For Zhao, it seems that anything can be her canvas. Last year, a coffee store she often visited was closed and the owner gave her a broken guitar. With it she created an oil painting which combined works by two Dutch masters, “Girl With a Pearl Earring” by Johannes Vermeer and “Wheat Field With Cypresses” by Vincent van Gogh.

Last year when someone threw out a chair with one broken leg, Zhao took it. After cleaning it, she emptied a bottle of blue paint onto the surface of the chair and transformed it into Van Gogh’s “The Starry Night.” Zhao wrote on the chair “Loving Vincent. Sadness will last forever.”

With her “magic pen,” a vintage wooden laundry washboard can be the perfect “canvas” for a landscape oil painting. With a full moon on the lake, the rungs have been painted as waves reflecting the moonlight. Many viewers have been amazed by her imagination, saying that “the piece invites people to look at used items differently.” Some joked that “it is the most valuable and beautiful washboard ever seen.”

“Beauty is everywhere. Anything can be changed into a work of art,” Zhao says.

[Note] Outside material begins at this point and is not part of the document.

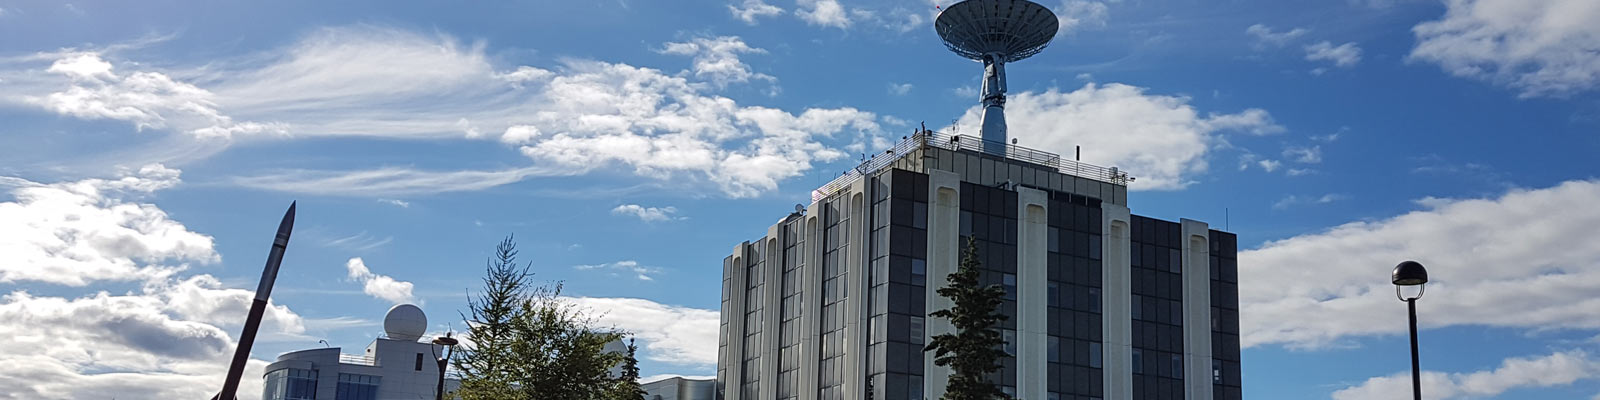 This is an image of the University of Alaska campus in Fairbanks. ASTA-USA provides professional translation services in this city.

From a family of artists in Xiamen, Fujian Province, Zhao started painting at the age of 15 and realized from that time it would be her career. She graduated with an art major from a university in Nanjing, Jiangsu Province, then became an illustrator and opened a studio in Beijing. She studied painting with Ukrainian painter Mykhailo Guida, who is well-known for his portraits. Art critic and curator Lu Rongzhi is also an important influence for her.

“Painting is the focus of my life, which is my work and dream,” Zhao says. In her words, she is a “painter energized by an engine,” and has few needs or time to go out to socialize.

In May, she went for a week as a volunteer to the Liangshan Yi Autonomous Prefecture, Sichuan Province, to teach painting at the Siyuan Experimental School. The school has only one art teacher for its 49 classes.

Zhao’s influence is not limited to China. Usually in her videos, she has few words and looks quite serious. “With art, I understand the world; it heals my wounds and my grief is released and heard via painting; it enriches my love of nature and hope for the future and it rids me of superficial prejudices,” Zhao states of her ideas on her Weibo account. “Art empowers me to break bounds and go one better, and it opens my eyes to find more beauty around me. Meanwhile, my work also gets viewers inspired and offers comfort.”

Zhao plans to go to Europe for a master’s degree in fine arts and to keep reading, holding exhibitions and publishing new books. Last year, she released a book that teaches beginners how to get started with oil painting. “For an artist, the most satisfying work will always be the next,” says Zhao.